For his part, O’Brien knew more than a little about Penn State. He had followed his father and brothers to play football at Brown, Paterno’s alma mater. After he became a graduate assistant, in 1992, he wrote to Paterno directly, on Brown University stationery: “Dear Coach—congratulations on a tremendous season. . . . I am at Brown coaching the inside linebackers. I have enclosed a résumé. I would be extremely interested in any grad assistant positions. Regards, Bill O’Brien.”
Paterno replied with a handwritten note in the margin: “Hi Bill—thanks for this. I’ll keep you in mind if we have something that would be appropriate for you. All the best, Joe Pa.”
When the O’Briens were packing up to move to State College, Bill’s wife, Colleen, shouted, “You won’t believe what I found!” The letter is now framed, and hangs on O’Brien’s office wall.
When O’Brien first told New England Patriots head coach
Bill Belichick about Penn State, Belichick encouraged O’Brien to apply. “It’s still Penn State,” Belichick said.
Joyner asked for O’Brien’s résumé and a cover letter, which O’Brien sent via FedEx, per Joyner’s request. After hearing nothing back for eight days, O’Brien called Joyner, who said they had never received the envelope, although FedEx had recorded it as signed for. O’Brien gave Joyner the tracking number, and a staffer eventually found the envelope in a mailroom. For a program that was about to see one of its most revered assistant coaches get what amounted to a life sentence for raping boys, the lack of due diligence was stunning.
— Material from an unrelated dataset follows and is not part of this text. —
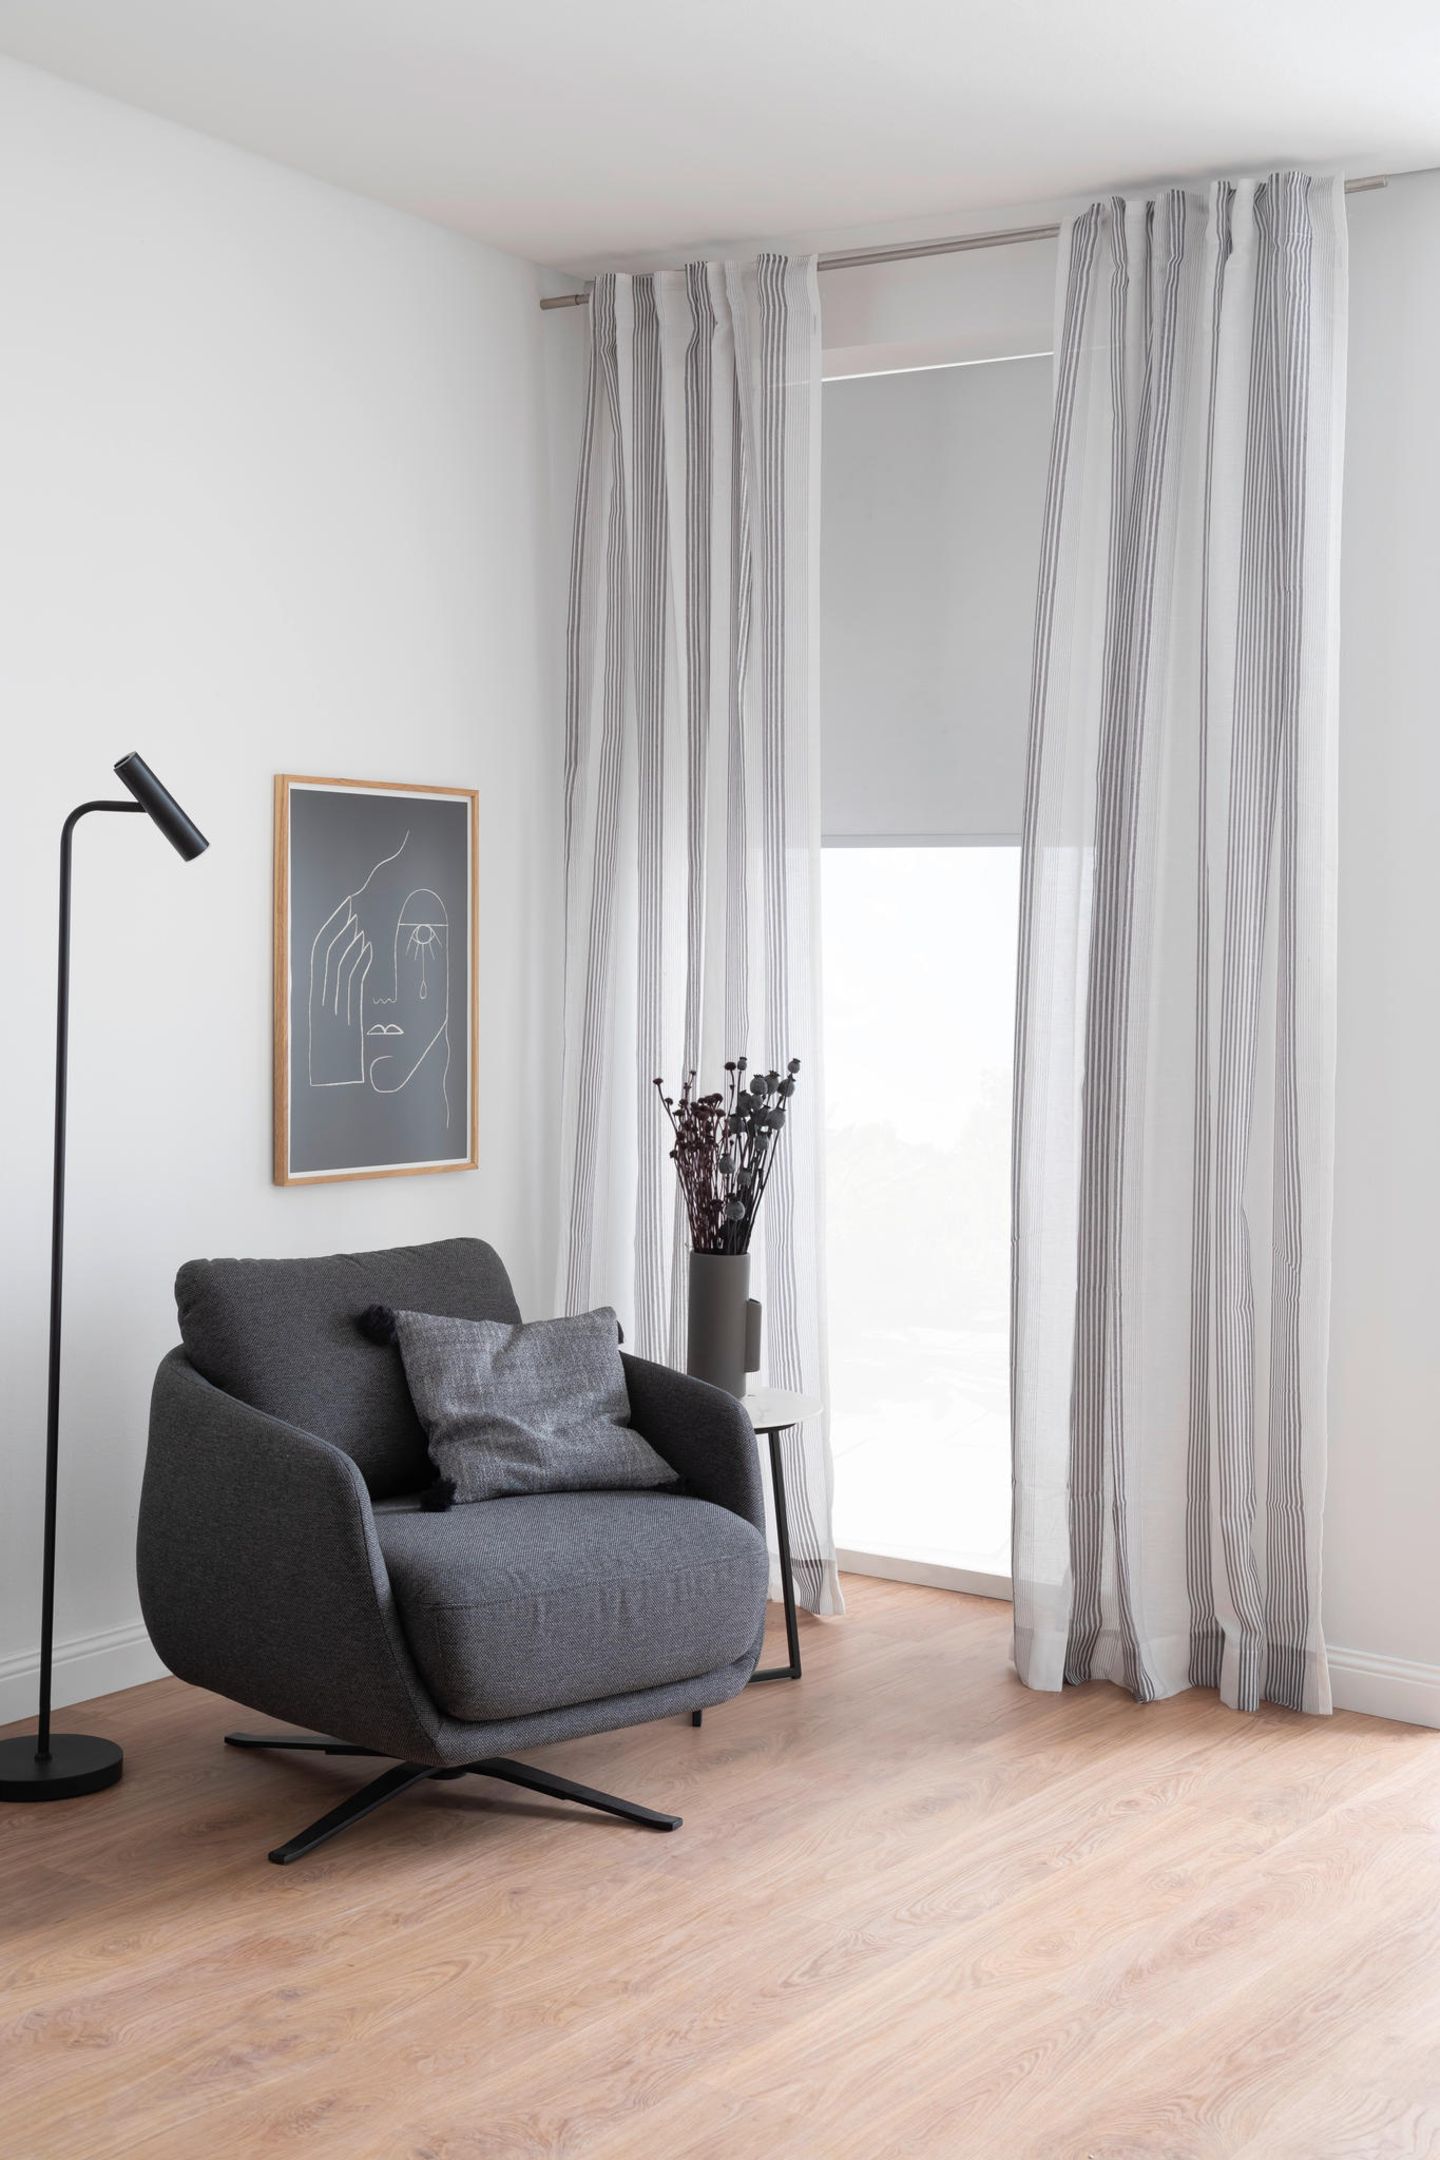 Grauer Sessel vor Fenster mit langen, grauen Vorhängen
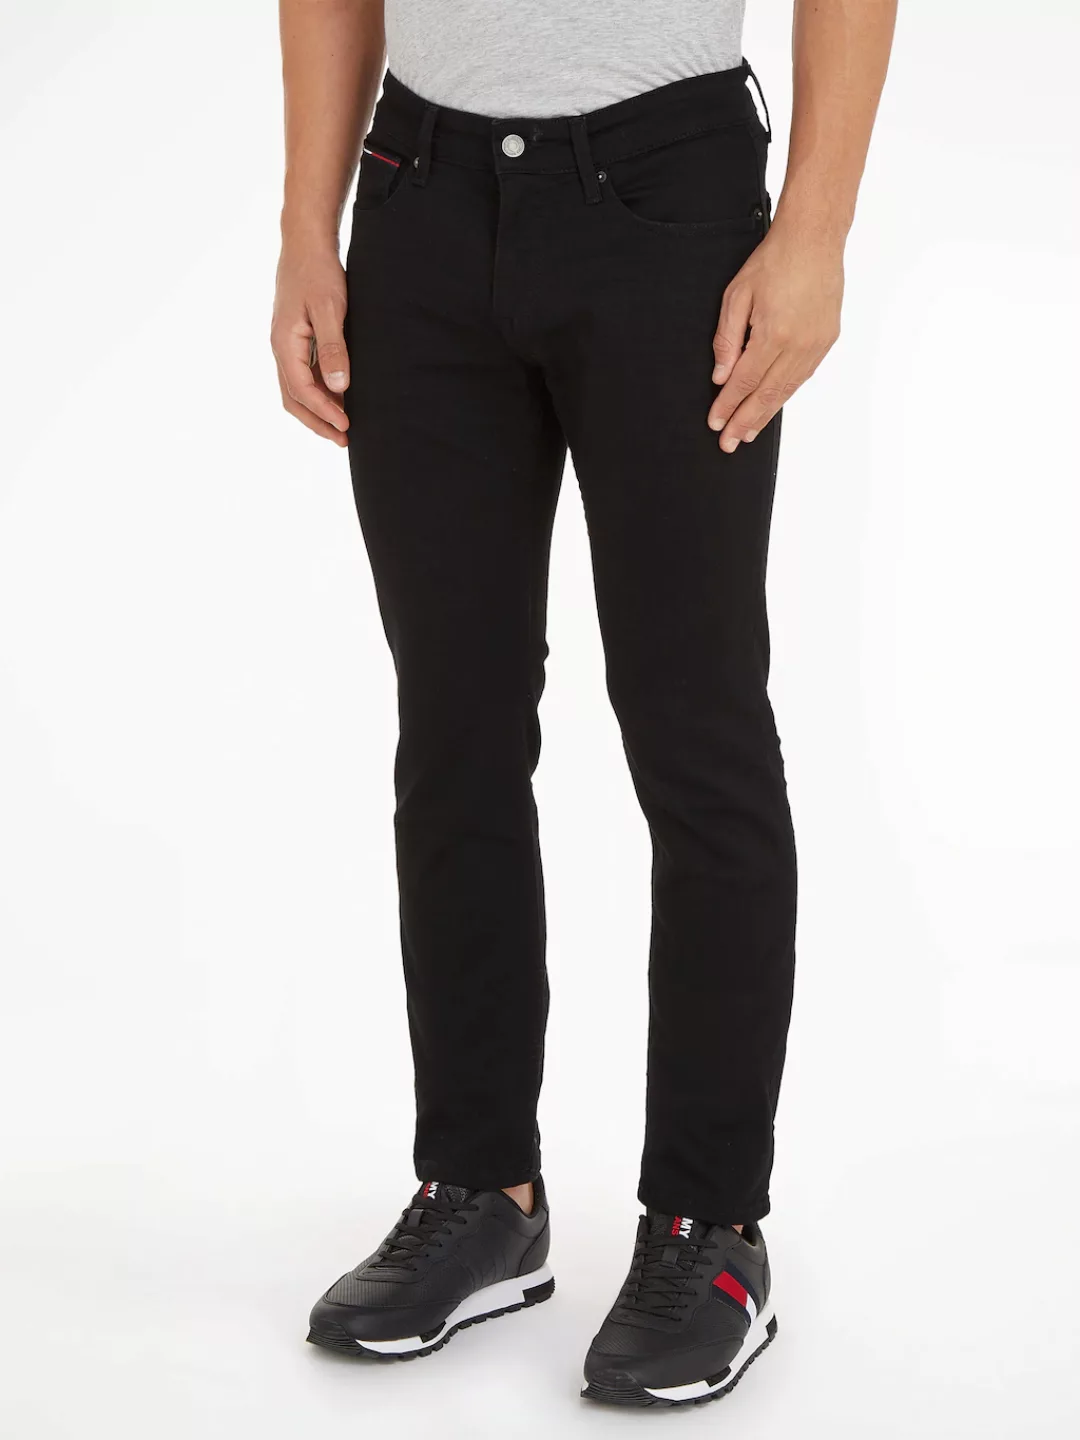 Tommy Jeans Slim-fit-Jeans "SLIM SCANTON" günstig online kaufen

Penn State liked O’Brien enough to pick him up in the school’s private plane and start the interview on the flight back to State College. O’Brien had gotten on the plane equipped with a thick binder, full of his plans for Penn State. At Belichick’s insistence, O’Brien had also practiced interviewing with him for hours, even as the playoffs approached.
“I could never repay him for that,” O’Brien said. “And let’s face it, if I don’t work for Bill Belichick and I don’t coach Tom Brady, I don’t get this interview. I work hard—but a lot of guys work hard. If I don’t have those two guys, I don’t have this opportunity.”
After Joyner and company finished their questions, O’Brien had a few of his own, including the elephant in the room: How would the ramifications from the Sandusky scandal affect the program moving forward?
While they admitted they were probably going to face expensive lawsuits and settlements, they assured him these were all criminal matters, and beyond the jurisdiction of the NCAA.
In their defense, precedent seemed to be on their side. Whenever a college athletic program got itself in trouble with the law—big trouble—the NCAA usually steered clear, sticking to how many minutes a week student-athletes are allowed to stretch, the distance they can travel in a car with an alumnus, and whether they are allowed to put cream cheese or jam on their free breakfast bagel. (They are not.)